I receive files from an undocumented resource that can contain data that looks like:
16058637149881541301278JA1コノマンガガスゴイヘンシュウブ4
#recordsWritten:1293462
The above is just an example, the files I'm working with contain all kinds of different languages (and thus encodings). I'm then opening my file with Python 3.6 (an inherited code base that I've upped from Python 2 to Python 3) using the following code:
import os
f = open(file_path, "r")
f.seek(0, os.SEEK_END)
f.seek(f.tell() -40, os.SEEK_SET)
records_str = f.read()
print(records_str)
Using this code, I receive a: UnicodeDecodeError: 'utf-8' codec can't decode byte 0x82 in position 0: invalid start byte
if I change it to include an encoding:
f = open(file_path, "r", encoding='utf-8')

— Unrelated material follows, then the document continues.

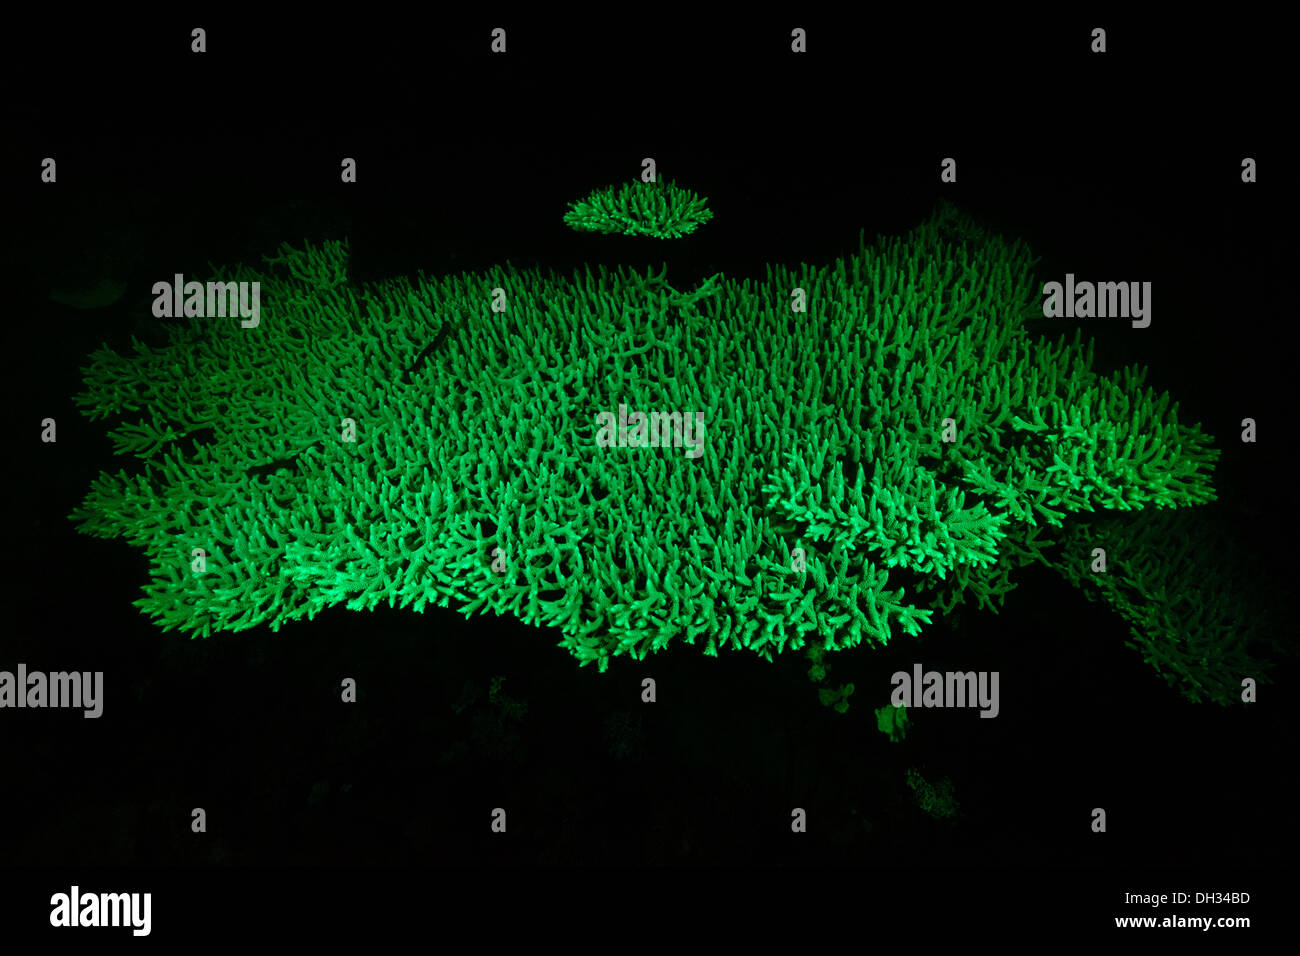 Fluorescent Table Coral, Acropora sp., Pantar, Alor Archipelago, Lesser Sunda Islands, Indonesia Stock Photo

, I receive the same error.
Changing the encoding to utf-16
results in it printing:
랂菣Ꚃ菣Ɩȴ⌊敲潣摲坳楲瑴湥ㄺ㤲㐳㈶ਂ
Which appears to be wrong.
Switching it to open the file in binary mode: f = open(file_path, "rb")
results in it outputting:
b'\x82\xb7\xe3\x83\xa5\xe3\x82\xa6\xe3\x83\x96\x014\x02\n#recordsWritten:1293462\x02\n'
Now this is slightly better, however, when I eventually come to processing the file, I don't want to be adding \x82\xb7\xe3\x83\xa5\
to my database, I'd rather add the ガガスゴイヘンシ
. So, is there a way to handle Unicode encoded files? I've also looked at the Mozilla chardet project to try and determine encoding, but following code examples, it thinks the file is utf-8 encoded.
If you seek
into the middle of a UTF-8 sequence, the error message doesn't necessarily mean the data isn't actually UTF-8, just that you can't seek to that exact position and get a useful decoding. "Invalid start byte" means this cannot be the beginning of a valid UTF-8 string.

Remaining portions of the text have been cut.